A bolt of lightning struck a ship siphoning oil from the spill in the Gulf of Mexico on Tuesday morning, and shut down the operation for five hours. In 2008, Michael Shollar explained that these sorts of maritime lightning strikes are not uncommon. Read his article below.
Christopher Columbus arrived in the Americas 516 years ago this month. For five weeks in 1492, the mainmast of his Santa María was the tallest point on the Atlantic Ocean. Weren’t the wooden ships of the Age of Exploration susceptible to lightning strikes?
Absolutely. Tall ships did get struck by lightning quite often, but just because a ship is struck by lightning doesn’t mean it will be completely destroyed. In 1852, British inventor Sir William Snow Harris published the first systematic study of lightning strikes on wooden ships. He collected data from 235 strikes on British navy vessels from 1793 to 1839. The damage typically consisted of “shivering” or splintering of the mainmast: Long shards of wood flew in every direction, sometimes wounding a sailor or knocking him off the deck. Sails and rigging might catch fire, requiring officers and crew to smother the flames with the aid of the rain and wind. None of the ships in Harris’ sample was recorded as being obliterated, and the vast majority were repaired by their crews and continued sailing.
More terrifying for the sailors was the possibility of individual harm. According to Harris, a sailor on an 1802 voyage who hid from a lightning strike near the mainmast was burned through five layers of clothes. A Mr. R. Mawgridge sent his account of a 1696 lightning strike on the galley Trumbull to the Royal Society. The bolt first struck the deck, knocking down two sailors (one of them “had one Side of him stupefied for three Days”) before traveling below. Mawgridge wrote that when the bolt traveled through his cabin, “a great weighty Nail was started out of said Ceiling, and fell over my Head, and lay upon my Pillow, and I thought my Head with the Lightning had been in a Flash of Fire.” The bolt exited through a wall, eventually burning the hair off the head of a gunner and blistering his feet.

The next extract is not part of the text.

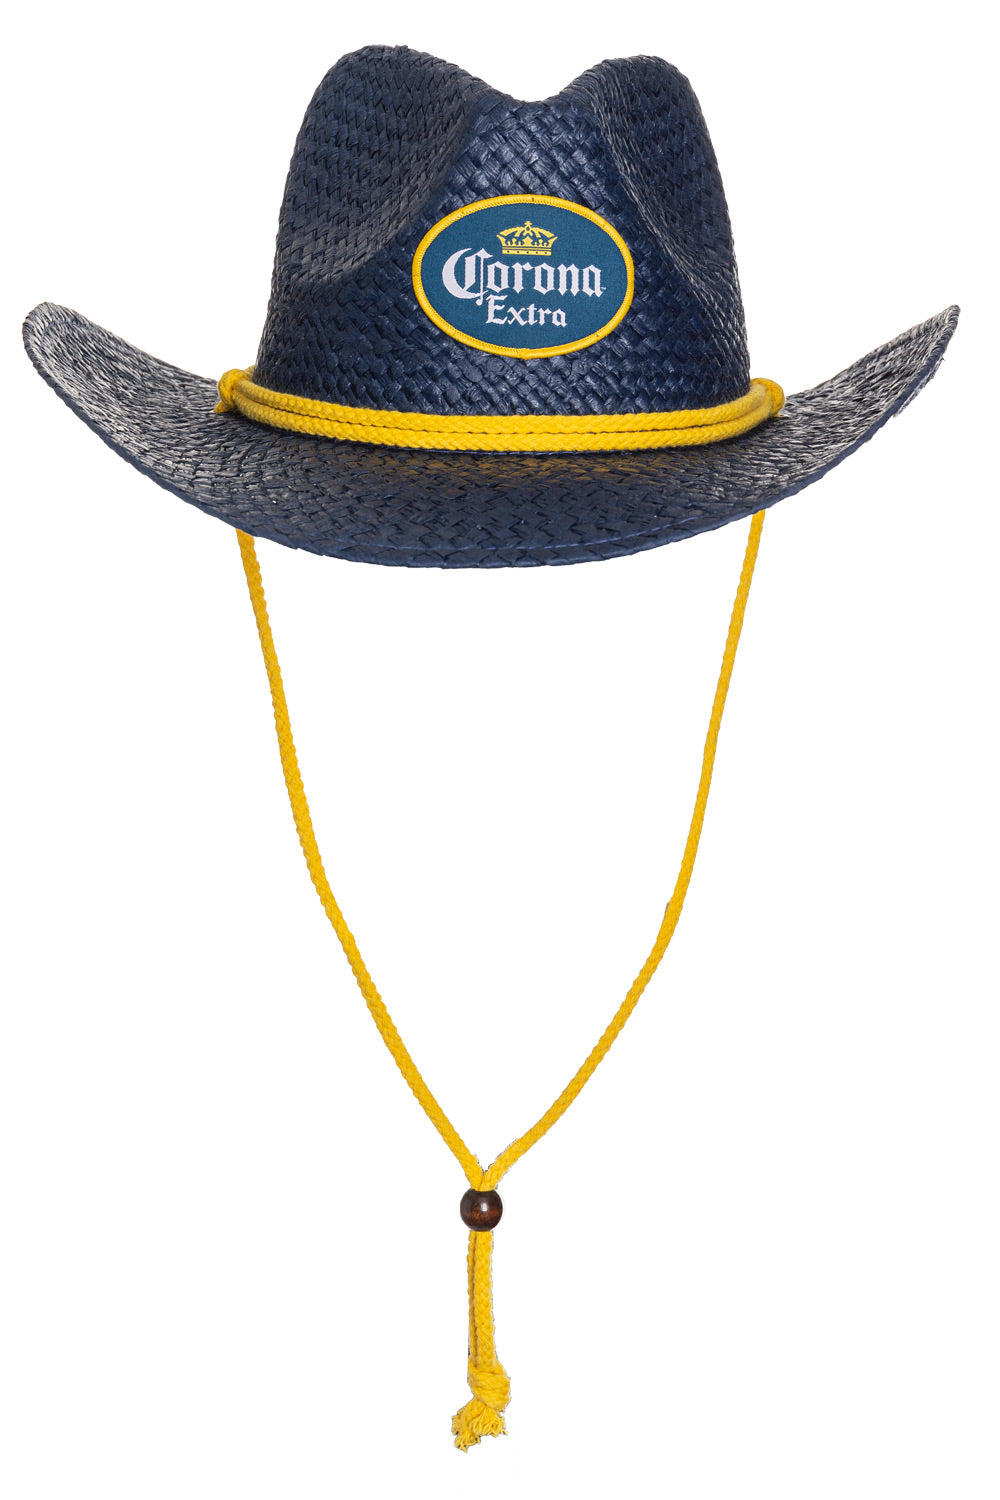 Corona Extra Straw Cowboy Hat - Navy
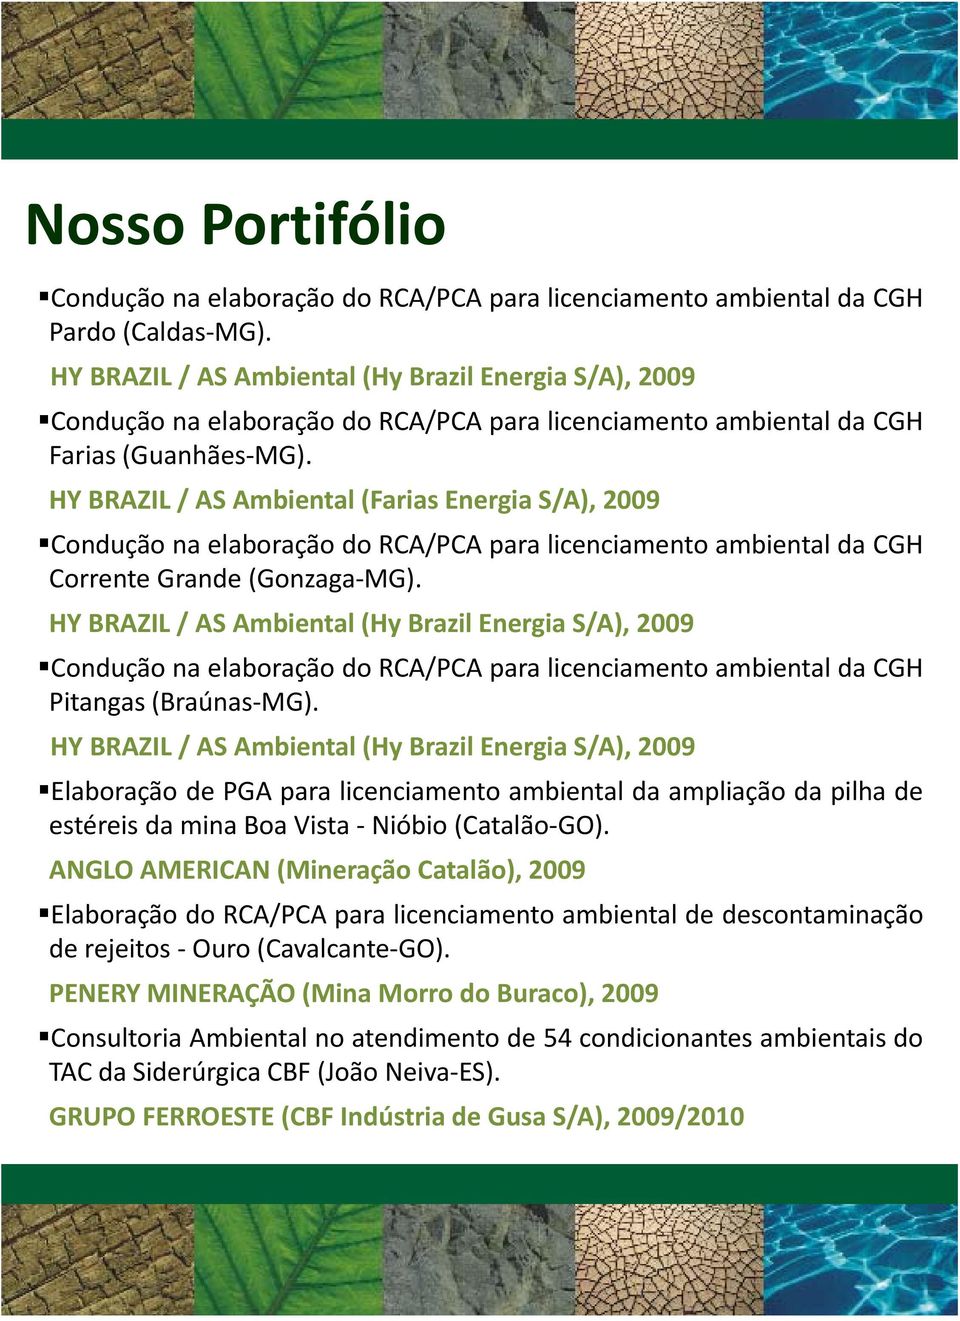 HY BRAZIL / AS Ambiental (Hy Brazil Energia S/A), 2009 Elaboração de PGA para licenciamento ambiental da ampliação da pilha de estéreis da mina Boa Vista Nióbio (Catalão GO) GO).

By the time Harris published his observations, protective lighting rods—sometimes called Franklin’s “thunder rods“—had been around for a full century. But lightning protection for sailing vessels was primitive, including prayers and the running of a length of chain from a mast to the waterline. If the chain did not connect with the ocean, dangerous electrical explosions could result. In 1820, Harris devised an improved method by affixing copper directly to the mast and running it through the ship into the water. The captain of the Beagle—the ship on which Charles Darwin made his famous voyage in the 1830s—was an early adopter. Despite being struck by lightning at least twice (surrounding the ship with a “blaze of fire“), the ship was unharmed. Even with success stories such as this, the British navy resisted fitting ships with state-of-the-art lightning protection until 1847.
Fortunately for modern explorers, large metal boats offer excellent protection from lightning strikes. Bolts continue to be a problem, though, for wooden and fiberglass boats. Lightning protection systems for these vessels, still using variations of Harris’ method, offer only partial protection, and some boaters fear they only attract more lightning. The most dangerous boats in a storm are small, mastless boats, especially when the operator is holding a fishing rod.
For his part, Columbus managed to avoid bad weather for half of his voyages to the New World. On his final return, he twice jury-rigged a mast after it broke in four places during a storm on the Atlantic.